O’Dowd’s Little Dublin. The Kilkenny. The Galway Hooker. Flaherty’s. You may never have been to one of these establishments, but you can probably guess what they look like. Hefty wooden bar. Guinness on tap. Not-so-subtle references to the motherland.
That’s because each of these Irish pubs—located respectively in Kansas City, Missouri; Tulsa, Oklahoma; Cornelius, North Carolina; and Morton, Illinois—were all designed by the same company: the Irish Pub Company. For the past 27 years, the Dublin-based firm has exported the architecture and interior design of Irish pubs, the social heart of any Irish town, all over the world.
The company was founded by an architect—Mel McNally—who spent a year traveling around to Ireland’s greatest pubs and cataloging how each one created an unmistakable ambience through space and interior details. He then codified his findings, which entrepreneurs anywhere in the world can pay to have resurrected. In 1990, McNally partnered with Guinness, and within five years had taken Irish drinking culture global.
Earlier this month, Eater looked at the booming business McNally has built by exporting his research. We spoke to him about what it’s like to be a pub designer—and the challenges of building authenticity and nuance into a space that often falls victim to cliché.
It’s A Formula, But A Customizable Formula
Like a designer of prefab or modular housing, McNally is attempting to balance a plug-and-play approach to design with customization. He leads a team of 15 Irish designers, who usually work on producing seven or eight pubs at once. “What we need to create is something that brings you out, that you want to go out and meet other people. The design needs to be quirky and a bit of a surprise, while retaining its freshness and authenticity,” he says. “That’s the success of an Irish pub.”
Aspiring pub owners can choose from six templates: There’s the classic Country style, the traditional Celtic style, the historic Brewery style, the flexible Shop style, the more modern Victorian style, and a contemporary gastropub iteration—and customers are free to mix and match. Victorian-style pubs generally use hardwoods such as oak, mahogany, or teak, while Shop-style pubs often use an American pine to give the bar a more distressed look. While operating within each thematic scheme, each pub that the Irish Pub Company designs is entirely based on budget and space restrictions, even if it might feel the same, whether you’re in Argentina, Australia, or Taiwan.
“We have a toolbox in our head—things that we know that work,” McNally says. “Even if it’s a semi-futuristic Irish pub, we still have the rule of thumb, the proper balance of the bar, the gathering space, the private space.”
When A Bar Has “Presence”
McNally seems to have a sixth sense for atmosphere—a relatively intangible aspect of design that can be tough to gauge in different cultures and cities.
The first thing he notes is the bar: “Does it have presence? Does it say to you, ‘you’re welcome’?” The bar is the centerpiece of each space—almost like the hearth space in a home—and McNally says it should be the first thing you see when you walk in. It should also be visible from most of the establishment, and there should be enough space around it to encourage movement and accessibility—while also encouraging people to stand and mingle.

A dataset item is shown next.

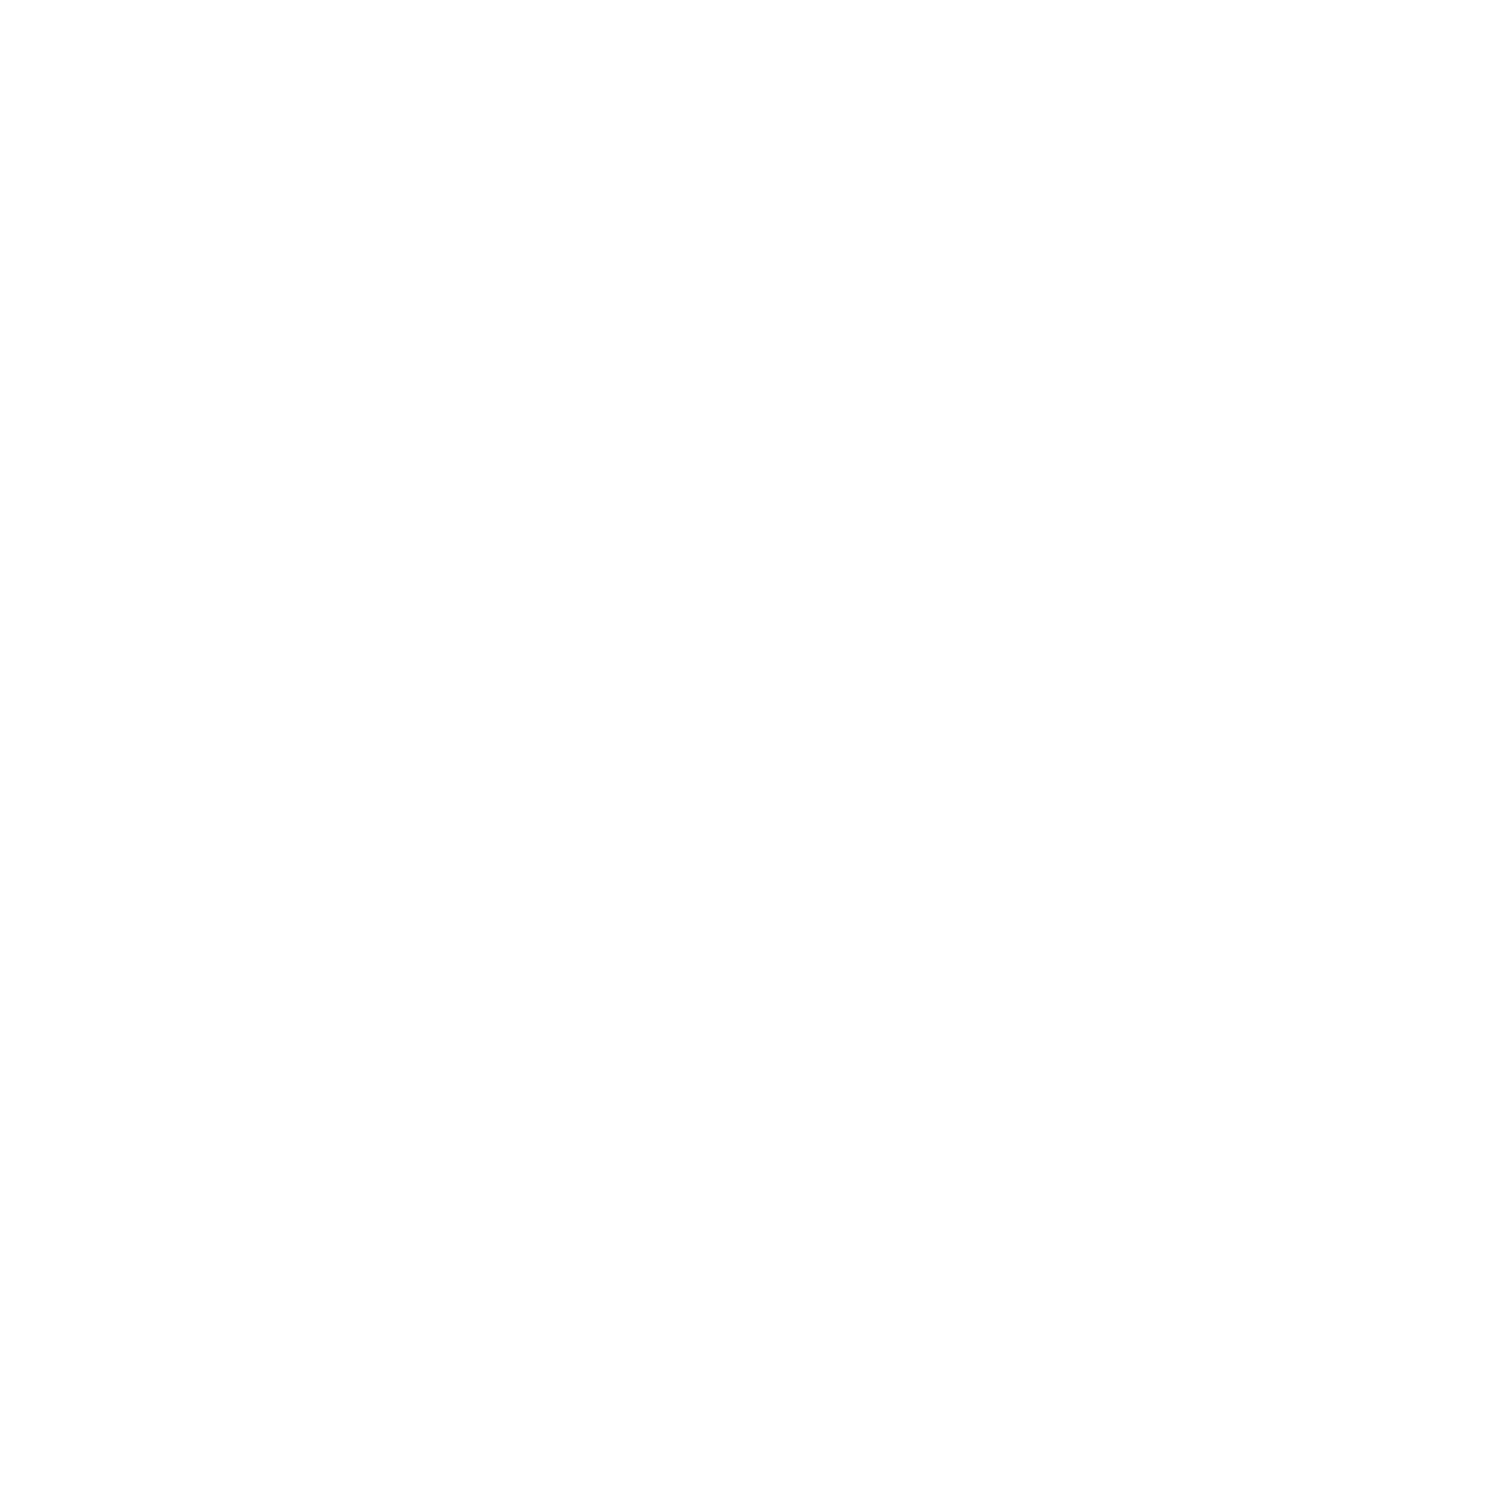 McMahon Design

“The bar is what makes the pub, really,” McNally says. “It’s like an altar.”
Exporting A Culture
Though McNally’s company has built hundreds of pubs in places like Sweden, India, Kurdistan, China, Canada, and Bermuda, the company sees authenticity as a linchpin of its business. “Just like the Italians are good at food, the Irish are the best at serving drink and pub culture,” McNally says. “We’re bringing that culture authentically to the world.”
Most of the interior elements of the Irish Pub Company’s designs, from the furniture to the art, are sourced directly from Ireland—unlike some of the company’s competitors, who promise to create a similar atmosphere cheaper and faster. This means that some of the more conspicuous symbols of Irish culture—at least outside of Ireland—are absent in its designs. There are no shamrocks, and no cheesy Celtic typefaces. “It’s not a true representation of Ireland,” says Darren Fagan, who manages all of the company’s North America projects. “But your generic Irish pub will use the shamrock, will use Celtic fonts. They actually miss the point. They just fixate on things that are Irish, and then call it an Irish pub.”

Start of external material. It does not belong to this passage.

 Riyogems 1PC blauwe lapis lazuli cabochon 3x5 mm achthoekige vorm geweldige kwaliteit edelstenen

The company also tries to keep local culture in mind wherever it’s building. Right now, it’s working on one for the Mauritius airport. “We’re an island people, so we had an affinity with them in terms of design,” McNally says. “We brought in some of the imagery of the west of Ireland. There isn’t a huge difference between young people in Mauritius as those in Ireland.”
Of course, Irish pubs aren’t the hippest spot to be on a Saturday night, especially for many millennials, who would rather stay in and watch Netflix than go out. That, too, is something the Irish Pub Company is working on. “Their perception of an Irish pub is as an old person’s place,” Fagan says. “We have to make it more modern. There’s a romantic connection to what Ireland is, but it’s never really seen as a metropolitan, vibrant culture.”